Nam Kaeng Village
We made it to the village.
Took a cramped minivan from Ubon city early morning. The driver didn’t say a word the entire two hours, just chain-smoked and blasted Thai pop songs. Rain came and went like someone flipping a switch.
The village — Ban Nam Kaeng Noi — is small, maybe a few dozen wooden houses, chickens everywhere. Red dirt roads, banana trees, kids staring at us like we were aliens. There’s a single shop that sells instant noodles, soda, gas, and SIM cards.

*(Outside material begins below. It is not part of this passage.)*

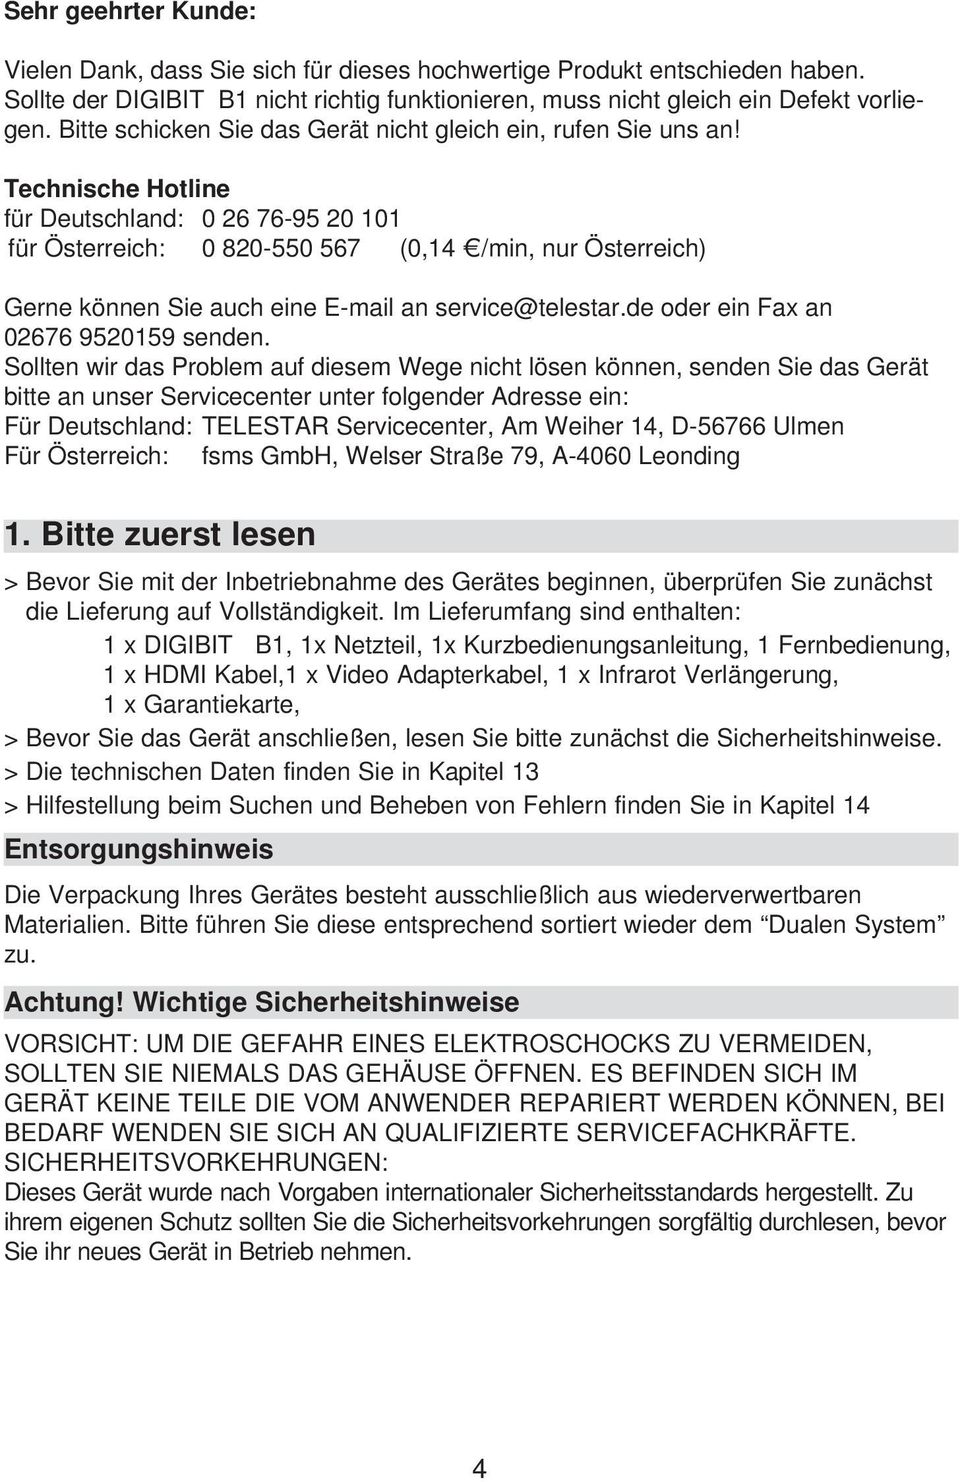 Technische Hotline für Deutschland: 0 26 76-95 20 101 für Österreich: 0 820-550 567 (0,14 /min, nur Österreich) Gerne können Sie auch eine E-mail an service@telestar.

I bought water; Tom bought beer; Pete asked for directions to the falls.
That’s when things got weird.
The shop owner — old lady, maybe 70 — smiled until she heard “Nam Kaeng Noi.”
Then her face changed. Not angry, not scared — more like blank, distant.
She shook her head. “No go there,” she said in English.
Pete laughed. “Why not?”
She just said again, “No go,” then turned away.
We asked around a bit more. Most villagers just pretended not to understand. Finally, a younger guy, maybe mid-30s, said in broken English that he knew where it was. Said we’d need a local guide, someone named Sakda. “He go forest,” he said. “Come night.”
So we waited.
The village doesn’t have much — a small temple, a half-dried pond, and a rickety bridge over a creek. John kept taking photos. He showed me one on his camera later that made my stomach drop a little.
It was a picture of that bridge, simple shot, nothing fancy — except at the far end, in the shadow, there was this shape.
Looked like a person, maybe. But wrong proportions. Too long, like arms down to the knees.
I told John it was probably a shadow. He didn’t answer, just zoomed in and frowned.
Sakda showed up just before sunset. Skinny, mid-40s, wearing a plastic poncho and carrying a machete. He spoke decent English, smiled a lot. Said the waterfall was about a half-day hike into the forest.
“Many people go?” Pete asked.
Sakda laughed. “No. Not now. Rain season. Trail bad.”
He said we could stay the night in his house before heading out tomorrow. It was small but dry. His wife cooked us rice and curry, spicy as hell. I thought about the old woman at the shop, the way her face went blank. I asked Sakda if people here believed the place was haunted.
He looked surprised, then smiled again. “No ghost,” he said. “Only water.”
Before bed, I heard something. Not rain — more like humming. It came from outside, near the forest edge. When I looked out the window, nothing was there, but the air smelled damp and earthy, like wet stone.